Scatter Plot

To access the Scatter Plot view, choose Graphs > Scatter Plot from the menu.

The Scatter Plot view is composed of several elements. The graphical display on the left is discussed in this topic. The toolbar tools above the graphical display and the Info Pane on the right are described in separate topics.

ScreenHunter_01 Jul

In the Variants workflow, the Scatter Plot gives a visual comparison of gene level variation between any two samples. Each data point on the Scatter Plot represents an individual gene and the “signal” for gene is the sum of the weighted values for each class of variation: each synonymous SNP adds 1 to the signal, each non-synonymous SNP adds 100 and each nonsense or frameshift causing SNP adds 10,000. Values are halved where the change is heterozygous.

For non-Variants workflows, ArrayStar’s Scatter Plot view gives a visual comparison of gene signals between any two datasets; whether they are individual arrays or replicated sets. Each data point on the Scatter Plot represents an individual gene and is plotted based on its signal in both of the selected experiments.

If DESeq2 or edgeR normalization was used, data are visualized in the scatter plot using the rlog (log₂) value for each gene. For all other workflows, data are visualized on a simple log₂ scale. However, data can also be scaled and visualized as linear by changing the scatter plot style settings. In general, a log₂ scale can facilitate visualizing data that covers a large span of values by reducing it to a more manageable range.

Three solid green lines are drawn diagonally across the scatter plot. The middle green line is the identity line, or the x=y line.

• For non-Variants workflows, data points on the identity line represent genes that are expressed at the same level in both data sets. The other two lines delineate genes with at least a two-fold change in intensity value in one of the data sets.

• For the Variants workflow, points lying on the identity line indicate those genes in both samples that have the same total number of SNPs, with the same class distribution. The other two lines delineate genes where the weighted sums vary more than two-fold.

The dashed purple line on the scatter plot is the linear regression (R²) or “best-fit” line, a line that passes as near to as many data points as possible. The Scatter Plot only displays the value for the currently-selected pair of experiments in the view. By contrast, the Cross-R2 test creates all of the "crosses," or pairs, and produces a table. The R² results for both the Scatter Plot and Cross- R²test use the same statistical calculations.

Each data point is colored to reflect where it is in comparison to the x=y line. The colors for data points, as well as the fold lines and regression line can be changed to match your preferences.

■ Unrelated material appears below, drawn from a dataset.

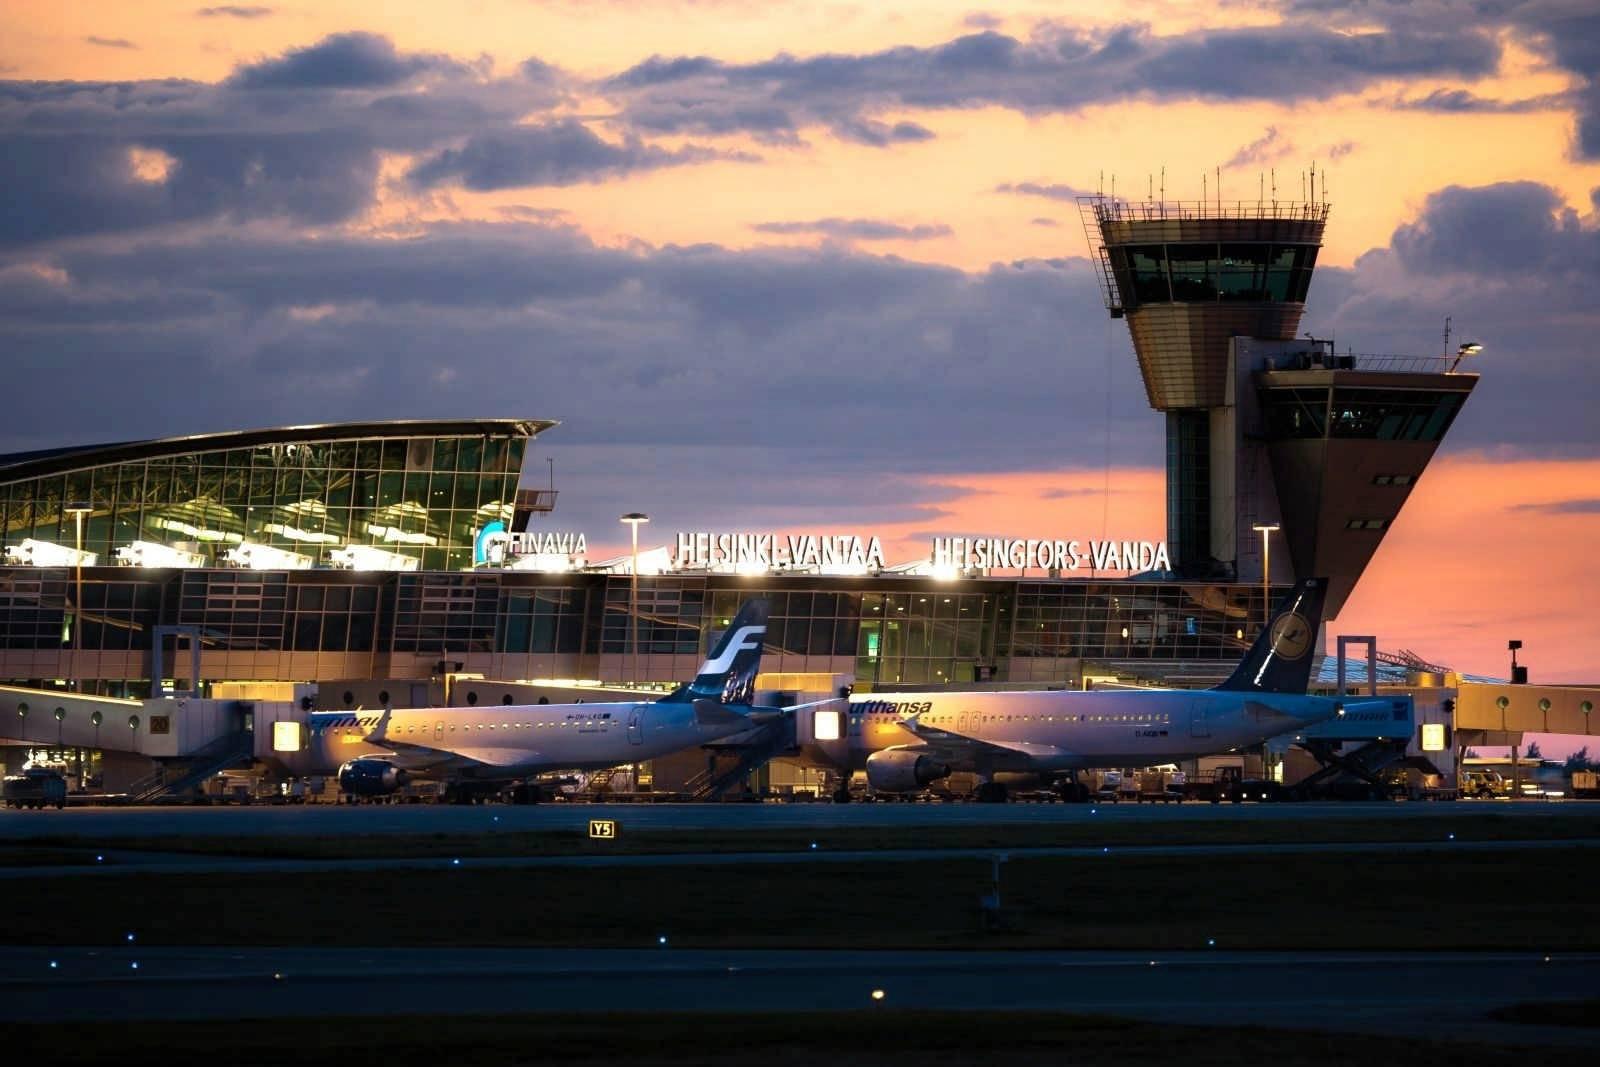 Аэропорт вантаа хельсинки — сайт на русском языке
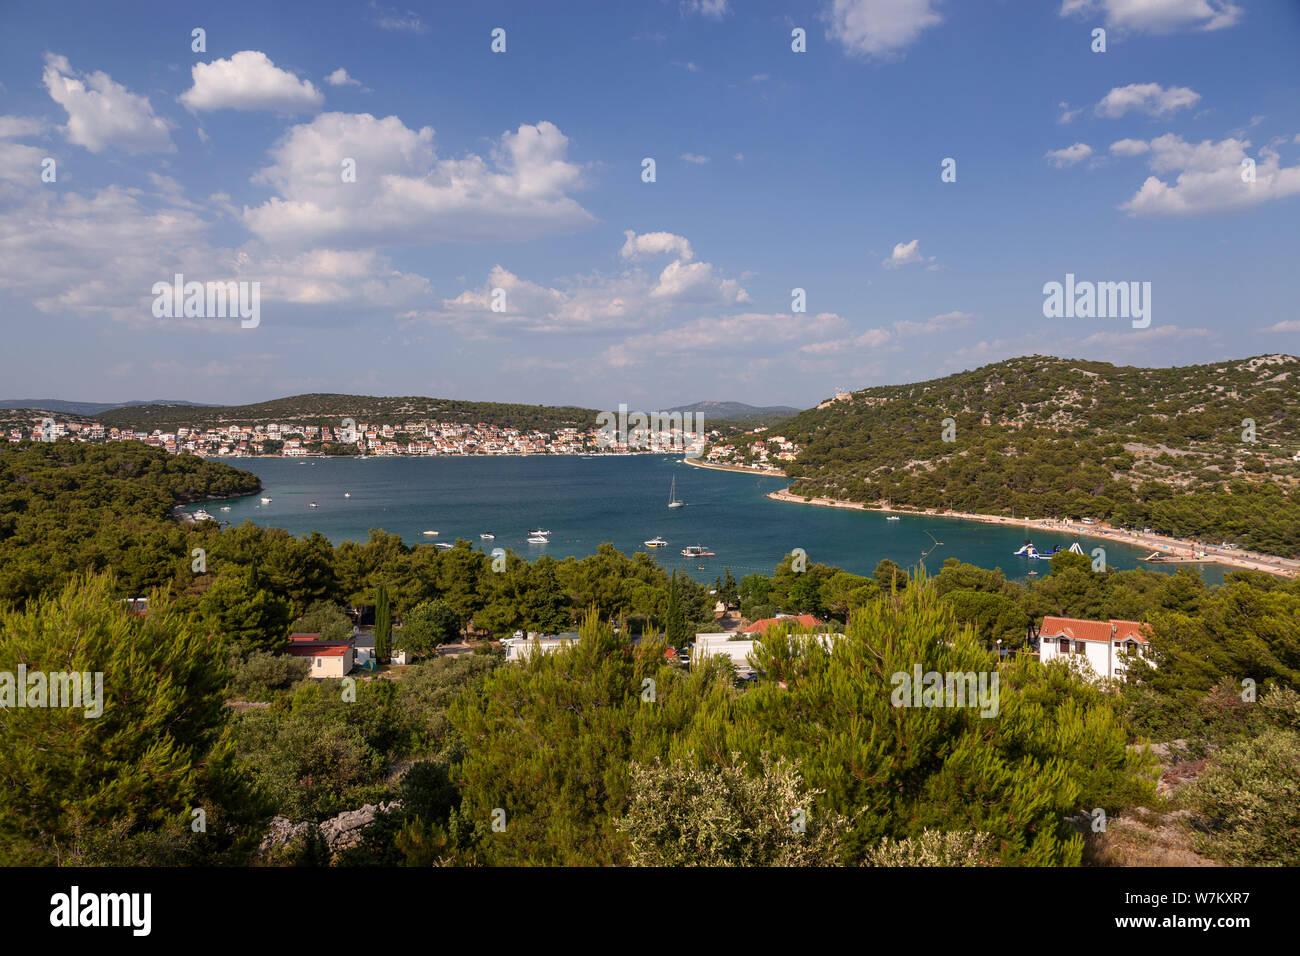 Tisno on the Adriatic coast of Croatia Stock Photo

Right-click on the Scatter Plot to access the following context menu commands:

When this many genes are selected	… these commands are available	Command description
≥ 0 genes	Show Gene Table	Shortcut to Data > Show Gene Table.
	Select All	Shortcut to Edit > Select All.
	Copy Image	Shortcut to Edit > Copy Image of Graph or to the Copy Image tool ().
	Fit to View	Same as using the Fit to View tool ().
≥ 1 gene	Remember Gene Set	Shortcut to Data > Remember Selected [Genes, SNPs, Table Rows, etc.].
	Clear Selection	Shortcut to Edit > Clear Selection.
	Export	Shortcut to File > Export Selected Genes.
Exactly1 gene	Edit Gene ‘x’ Notes	Launches the Edit Gene Notes dialog, already populated with the gene name. Equivalent to clicking on the “Notes (Edit)” link in the Details panel.
Exactly1 gene	Remove Gene ‘x” from Selection	Deselects the gene.